▶ **WHAT IS BEING ASKED**:
Beginning with the line that has "SR0451 Orange suspender jumpsuit" and ending with the line that has "Air Jordan 5", retype the entries below exactly, except for the pictures.

▶ **INPUT DATA**:
═══

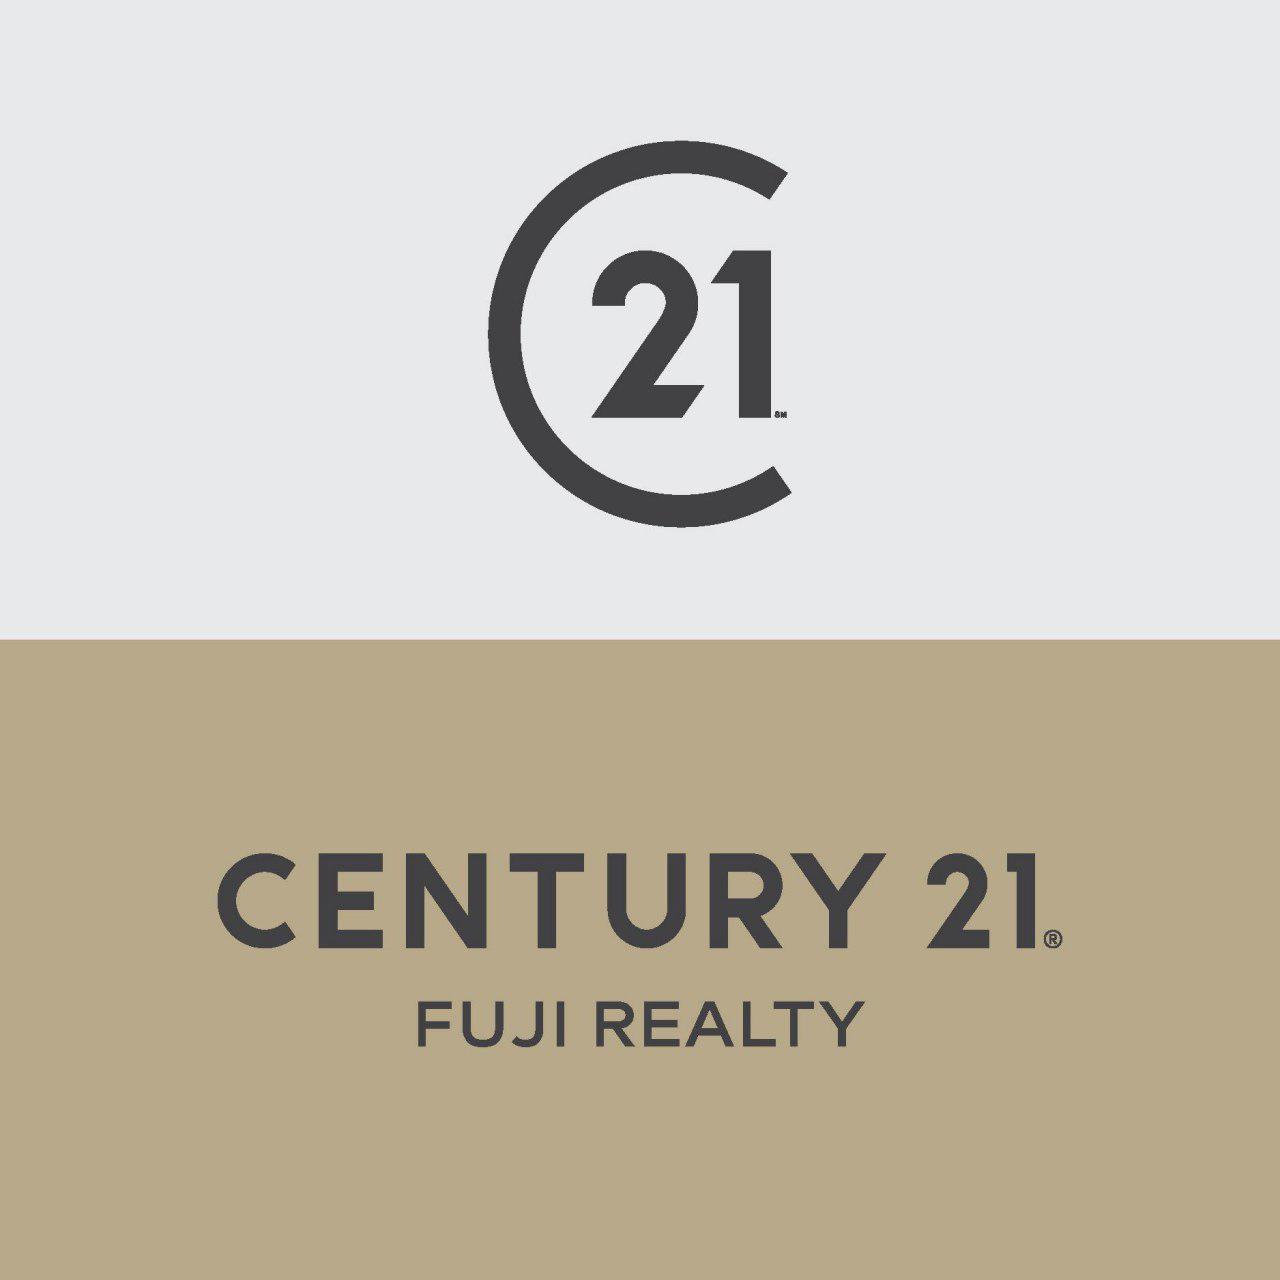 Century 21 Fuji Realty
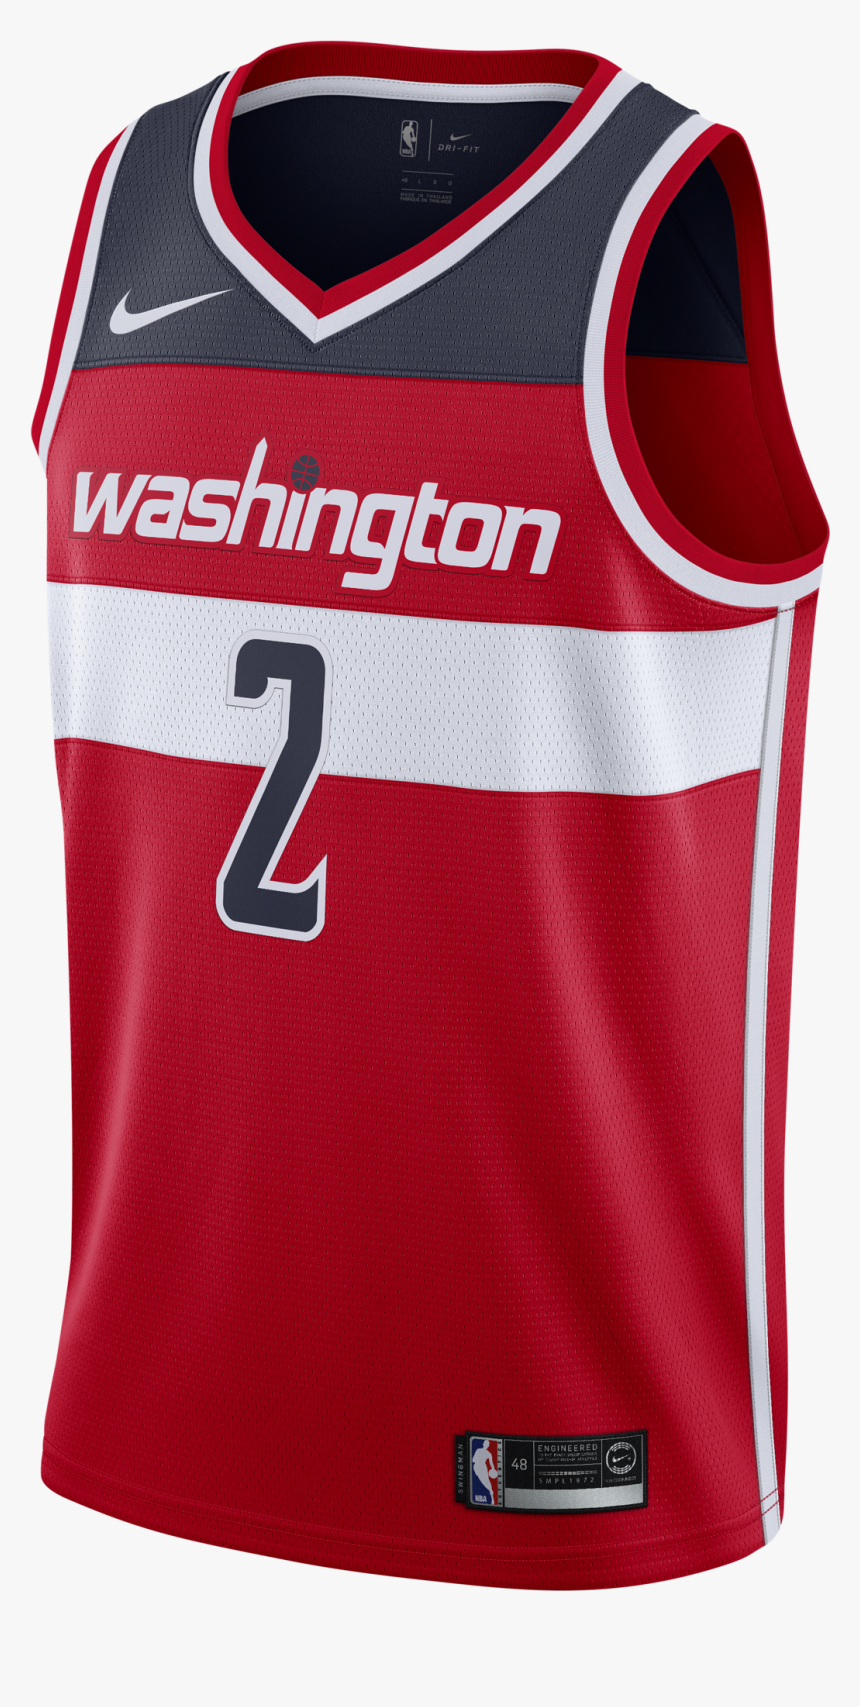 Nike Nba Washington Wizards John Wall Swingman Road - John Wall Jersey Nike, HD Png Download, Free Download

═══

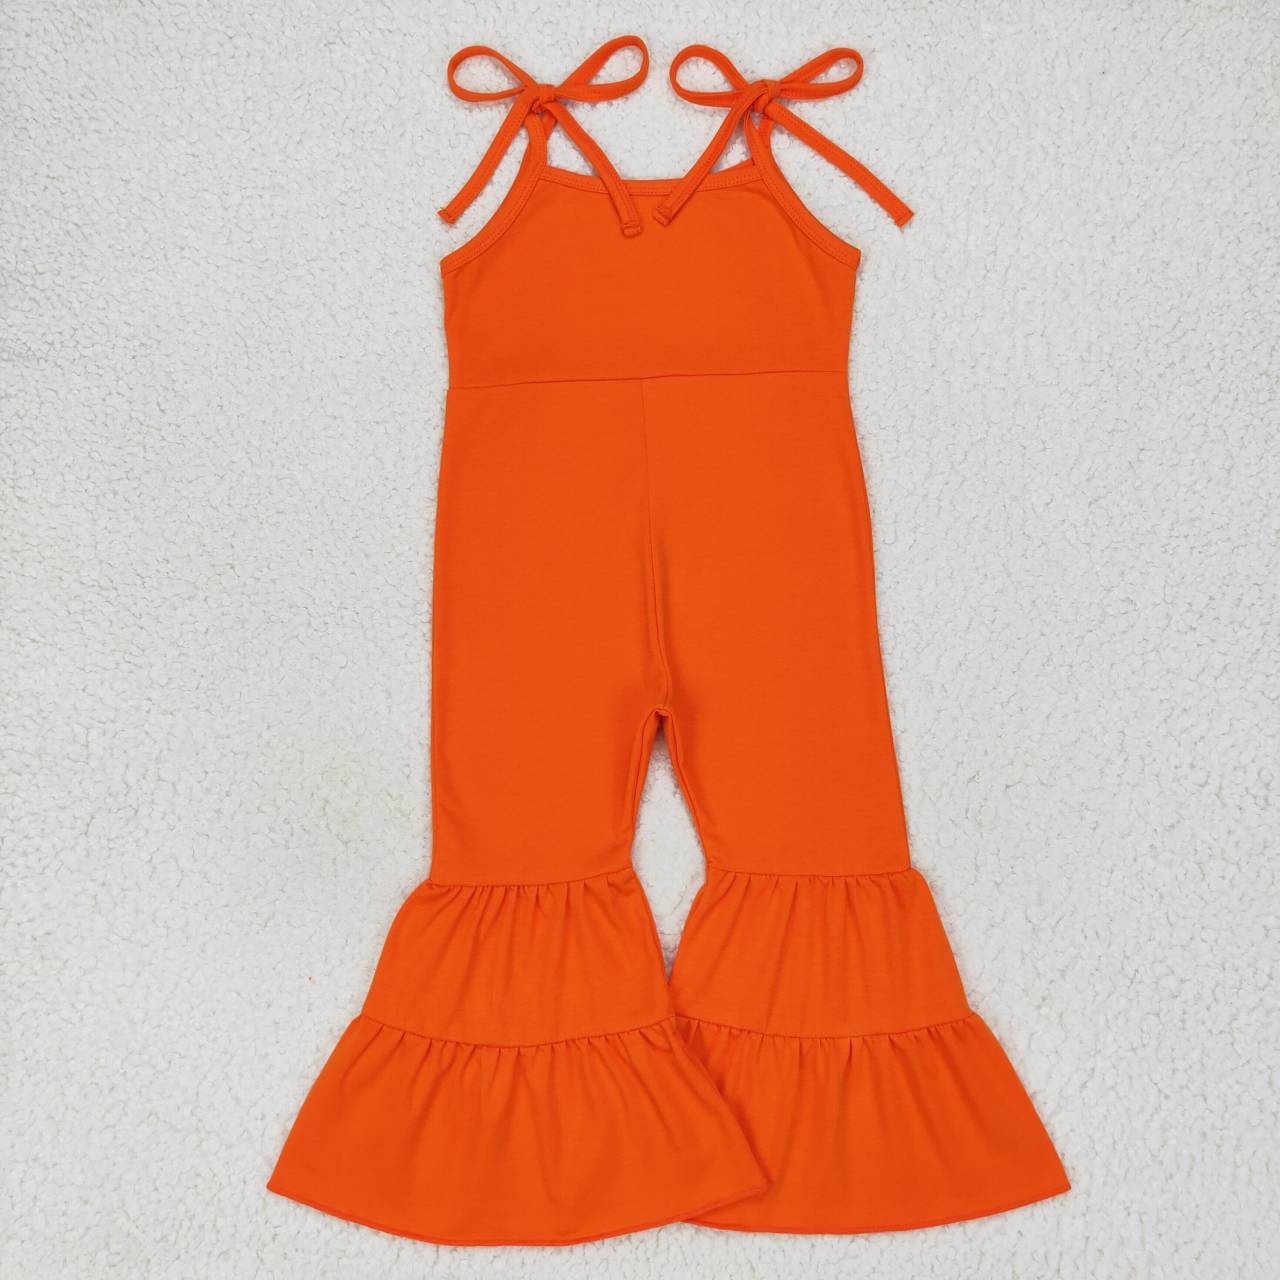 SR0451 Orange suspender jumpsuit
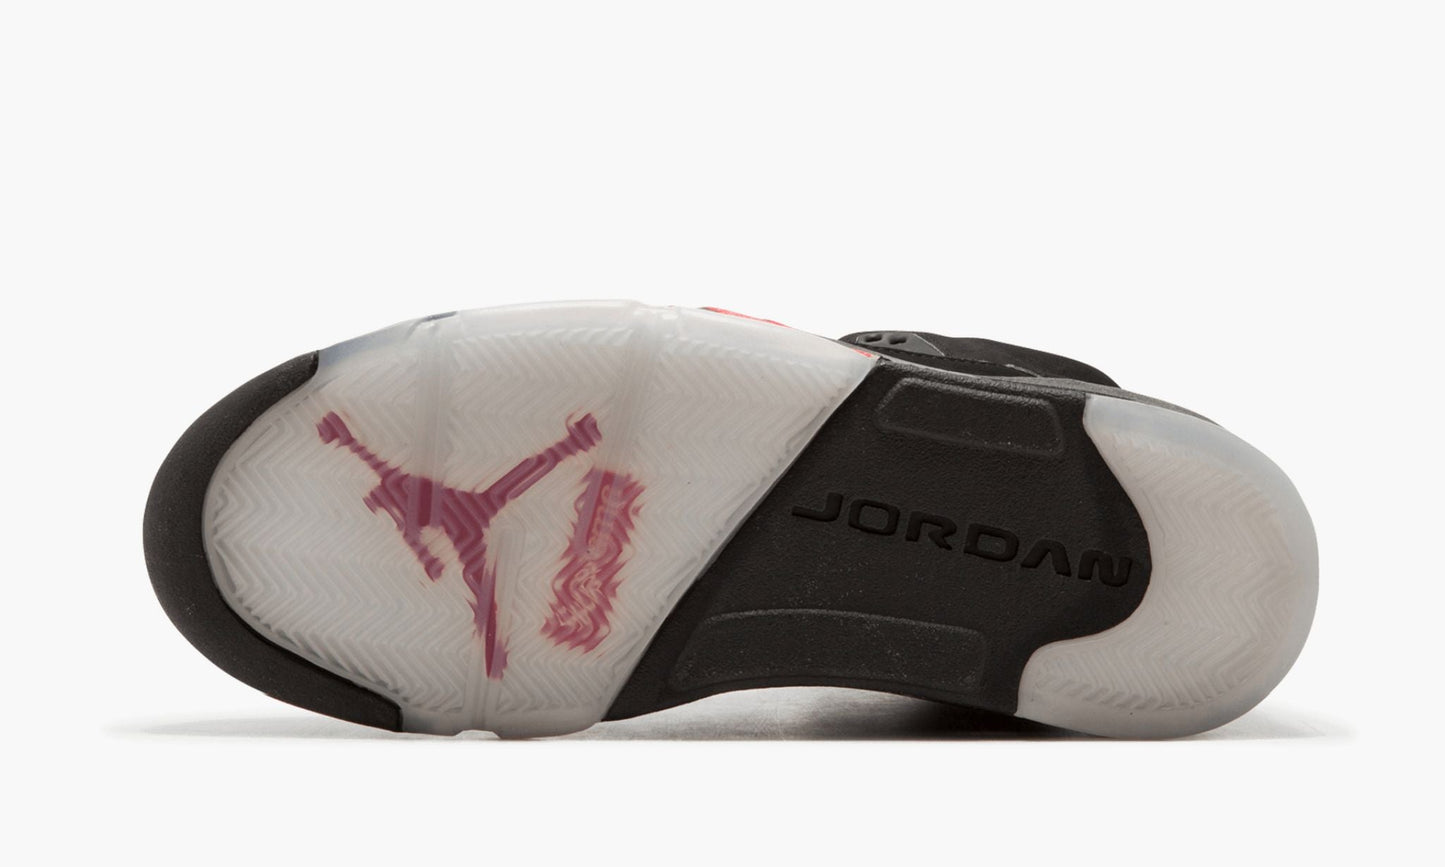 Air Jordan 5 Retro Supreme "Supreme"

═══

▶ **SOLUTION**:
 SR0451 Orange suspender jumpsuit
 Air Jordan 5 Retro Supreme "Supreme"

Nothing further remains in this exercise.